Sections

Collaboration

The ABC framework supports long-term pervasive collaboration by providing support for asynchronous and synchronous activity sharing. By modeling human activities as first-class computational entities in the architecture and the user interface, we have enabled activity-based collaboration where;

  1. Users can share an activity and work collaboratively on this activity
  2. Users can engage in asynchronous collaboration by taking turns in working on an activity
  3. Two or more users can engage in a concurrent synchronous collaboration by resuming an activity in the same timespan
  4. Collaboration can be disconnected and reconnected in a pervasive and mobile environment
  5. Users can continue working while disconnected
  6. Users can do collaborative roaming between heterogeneous devices, i.e. can move a collaborative session from one device to another.

Technical

An important issue in the design of a collaborative system is its architecture, which determines the nature of the components of the system and the placement of these components on the computers of the various users participating in a collaborative session. Archetypical architectural patterns are the centralized, the replicated, the client-server, and the peer-to-peer architectures.

Hybrib architecture


Fig 1. - Hybrid

The ABC collaborative features are enabled using two different strategies, depending on the environment surrounding the client. Either a hybrid collaborative architecture, utilizing a central server for state events are used, if the client has access to a server.

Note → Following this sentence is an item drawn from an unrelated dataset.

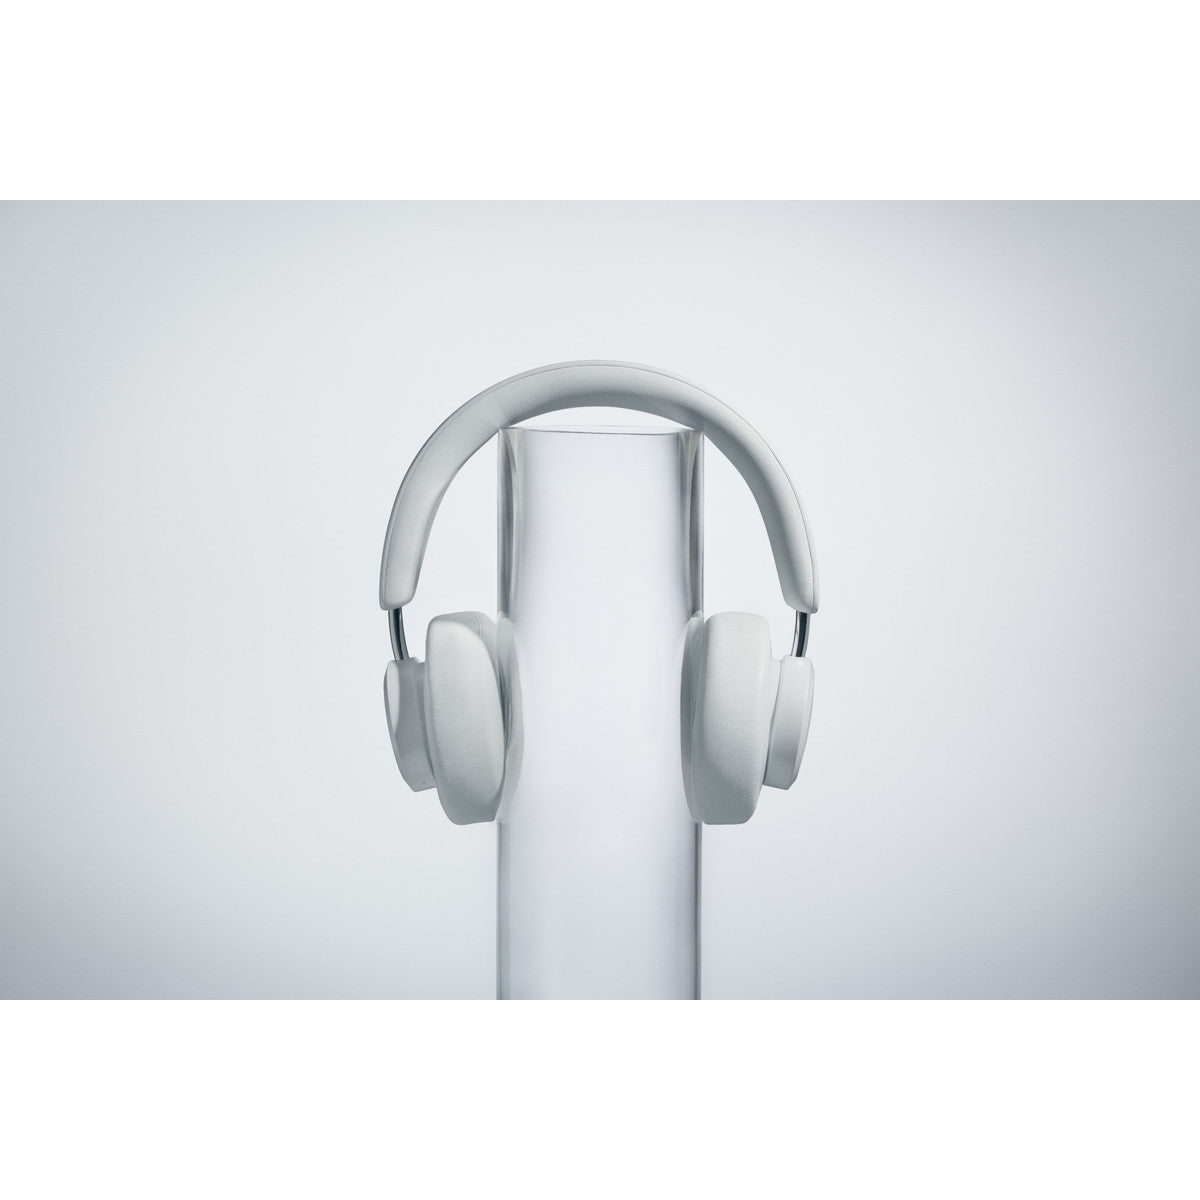 ワイヤレスヘッドホン MIAMI〔マイアミ〕 Noise Cancelling Bluetooth ホワイト

This architecture builds on a basic differentiation between what we have termed accountable and ephemeral events. In replicated collaborative architectures – which the ABC environment is an incarnation of – concurrency control between events on distributed clients is absolutely central in order to maintain correct behavior of the collaborative systems. We use the term ‘accountable’ for this kind of distributed events, because the system needs to be accountable for the correctness and timing of these events in order to function as a well-behaved collaborative system.

There are, however, a range of other kinds of events which are not subject to the same kind of accountability. Such events are typically absolute values, independent of previous and subsequent events, and may even be missing or dismissed without adverse effects. We call these events ‘ephemeral’ because they are short-lived and transient.

We use the differentiating of events to route accountable traffic which comprises very little of the overall traffic through a server, while ephemeral traffic (the vast majority) is multicasted directly between clients.

Peer-to-peer architecture


Fig 2. - P2P

If there is no server in the environment, collaboration is enabled using a pure peer-to-peer architecture, thereby enabling a collaborative session anytime and anywhere.

The Peer-to-Peer architecture builds on the concept of peer-to-peer distributed shared Object. These objects are physical distributed objects, e.i., instead of viewing a distributed object as an entity running on a single host with others accessing it remotely, we physically distribute a copy of the object to all hosts using this object in an application. Hence, applications access and use objects as local objects which ensures fast responsiveness. Objects are distributed on creation (remote instantiation) and removed from the local address space on deletion (distributed garbage collection).

The state of the distributed shared object is kept synchronized in real time, if possible. Hence, state changes are propagated to all object replicas. State synchronization is handled by the underlying infrastructure, but the objects themselves are involved in potential conflict resolution, using domain specific conflict resolution algorithms.

Physically distributed objects rely on a peer-to-peer – or object to object – synchronization strategy. Hence, no central entities like an object broker or an object registry are involved in object registration or lookup. Each object is responsible for looking up and synchronizing with its replicas. This principle makes distributed programming simple from the developers point of view since there are no configuration overhead associated with the development and deployment of a distributed application.

User Experience

We have built several collaboration widgets, including tele-pointers and voice-links, which can be readily integrated into front-end implementations in the UI layer. Also, implementing new widgets are easily done by extending a base widget class, defining the input- and output channels, which types of traffic they consume/produce, and any visible user-interface elements.

Asides from the widgets the user-interface exhibits the zoom and radar views which supports a peripheral spatial awareness by allowing a user to overview a greater area of desktop-space than is available to see on the screen. Both the zoom and the radar functionality only manipulate the local viewport, which means that two (or more) users collaborating in the same activity can partition the virtual canvas of the activity, work in different applications and maintain a peripheral awareness of what the other users are working on.